More stuff than you’d expect. In addition to linear and logistic regression, you also have a linear SLP class (Perceptron), ridge regression, etc. They also have classes that combine regressors with regularization, resulting in a combinatoric explosion of classes.

sklearn.neighbors

Classes for nearest neigbhor search (e.g. KDTree) and nearest-neighbor regression and classification.

sklearn.svm

Support vector machines for regression and classification.

sklearn.tree

Base decision tree classes. Outside of an interview, you’d rarely use these unless you were building a fancy custom ensemble for some reason.
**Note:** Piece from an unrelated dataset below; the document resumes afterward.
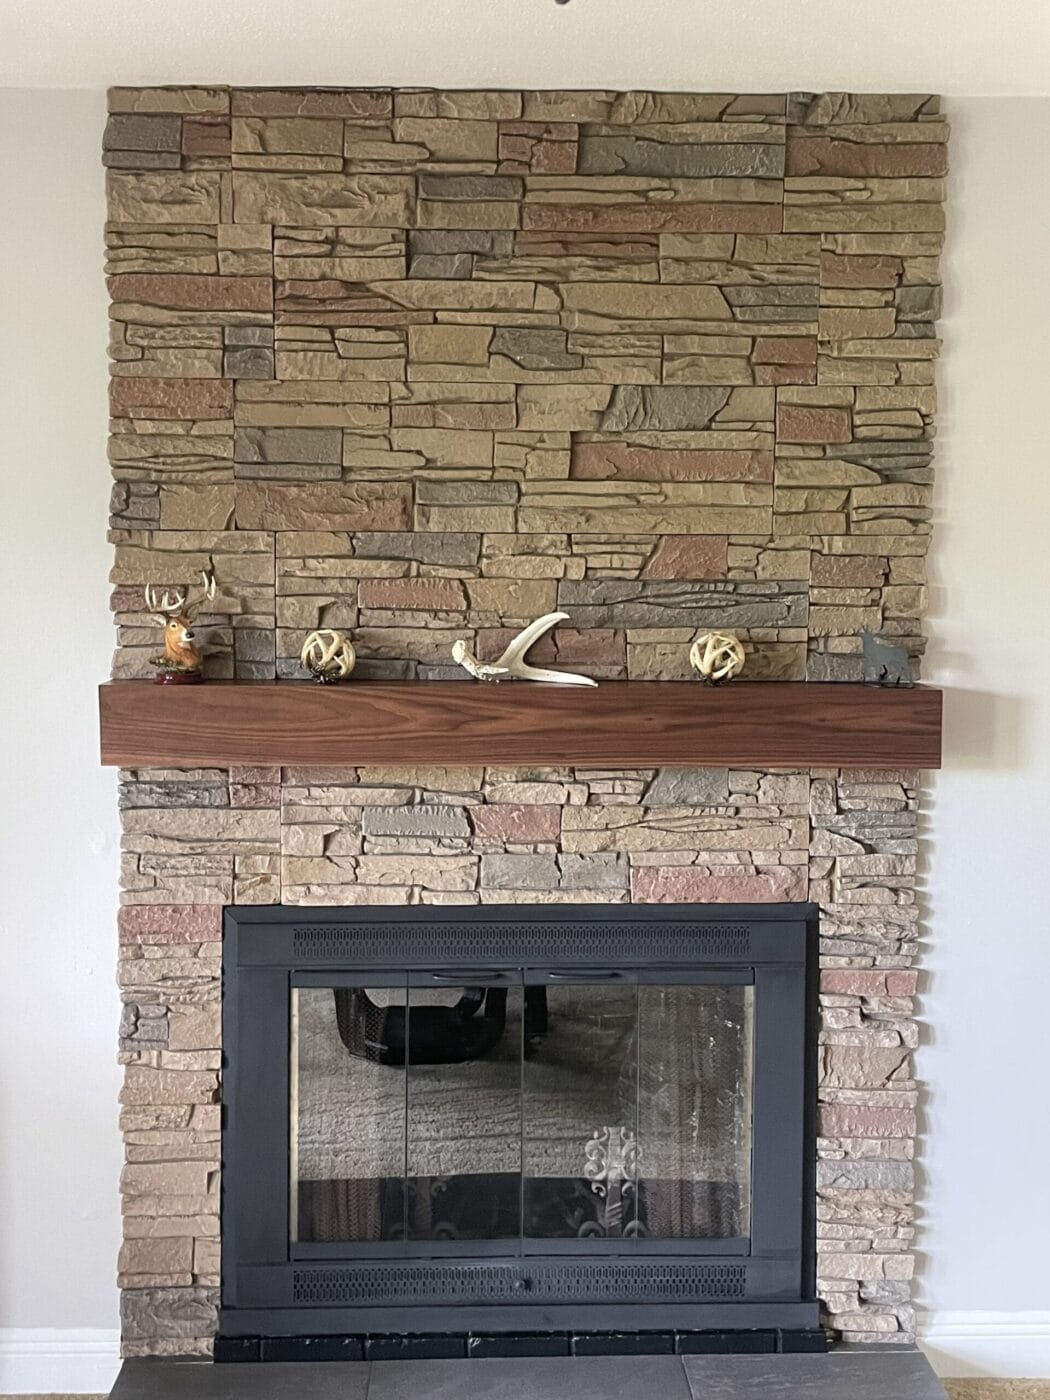 A fireplace surround project that uses GenStone's Desert Sunrise faux stone panels over brick.

WARNING: this module has ExtraTreeClassifier and ExtraTreeRegressor classes. These are single trees. You almost certainly want ExtraTreesClassifier and ExtraTreesRegressor (note the plural!) from sklearn.ensemble.

Evaluation

sklearn.metrics

All the performance metrics you could ever want for classification, regression, ranking, clustering, distance and more.

sklearn.model_selection

This probably should have been split into a package called cross_validation and then this one, as there are dozens of members that deal with cross-validation of one kind or another, including CV for hyperparameter tuning.

The remaining ones are a hodgepodge. On the one hand, you have classes for things like tuning the threshold for binary classifiers. Then you have non-CV classes dealing with hyperparameter tuning. For some reason, the method for train-test splitting is here too (though you have to use it twice if you want a dev split). You even have a couple of classes that draw plots.

What a mess. The moral of the story is that if you can’t find it, there’s a good chance they stuck it in here. (Though there’s also a utils class. How they chose which shit to dump into each is beyond me.)